I don't usually find VM state snapshot and rollback all that interesting a feature for my own use, so I prefer the speedup of persistent disks.

Just a note that the free, self-paced edX course, LFS101x: Introduction to Linux, is now available.

I put Mint XFCE on an HP-110 netbook last weekend. It had gotten a nasty virus that even messed up the recovery partition. Option 1 was to order a boot stick from HP, or just go with linux.

Compared to Windows 7 Starter, the smaller Mint install was more responsive and I couldn't believe Mint's USB transfer rate compared to W7. I put 8GB of backup pics/docs on a thumb drive because Samba was being a pain in the ass (trying to share a network drive with W7). Full W7 with an intel Xeon quad core, 8GB of Ram, took 20-30 minutes to load an 8GB flash drive.... Linux Mint XFCE on a NETBOOK copied it to the 5200RPM Sata in 10 minutes...

I was so pissed at windows explorer lol.
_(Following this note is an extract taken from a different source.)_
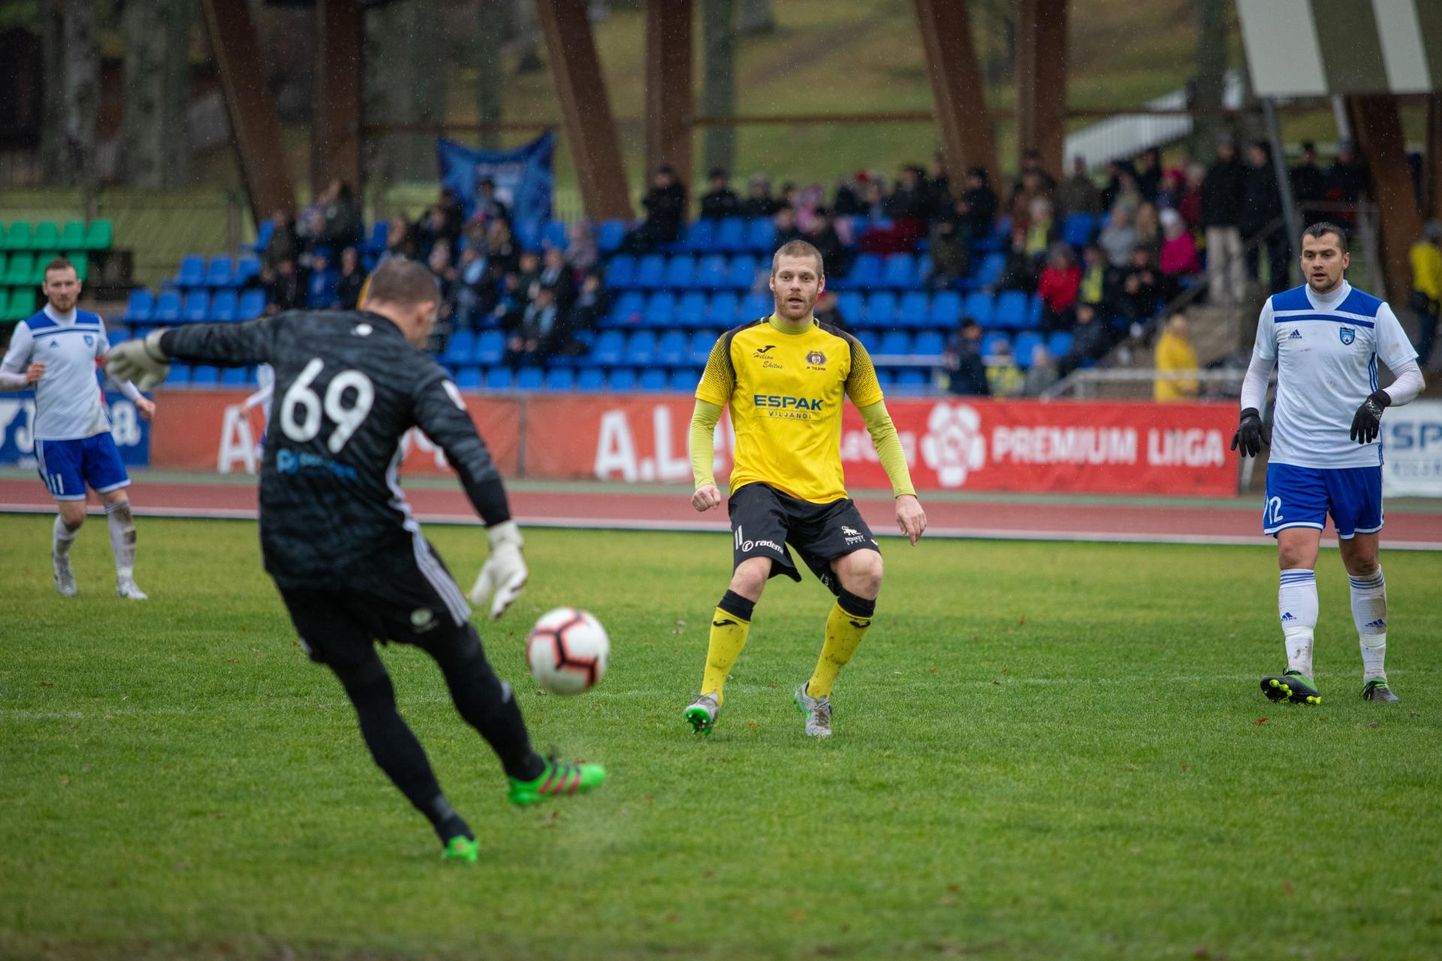 Viljandi Tuleviku kapten Kaimar Saag oli Premium-liigas paremuselt kolmas väravakütt: koduse meistriliiga debüüthooajal sahises värav tema jalast 13 korda.

Seriously though... I spent 3 hours trying to get Samba to explore the network and it kept asking me for a password to access "workgroup". I tried 3 different samba conf templates from Mint's forums. I did read the default file explorer in Mint didn't work right with network shares.

I knew enough about linux networking to turn Ubuntu into a video streamer for home security using VLC and a webcam, but I couldn't get Mint to find a shared folder.

trueheart78 wrote:

Just a note that the free, self-paced edX course, LFS101x: Introduction to Linux, is now available.

I thought it was supposed to have started. I wonder if I missed my email. They sent me the one for the preparation doc.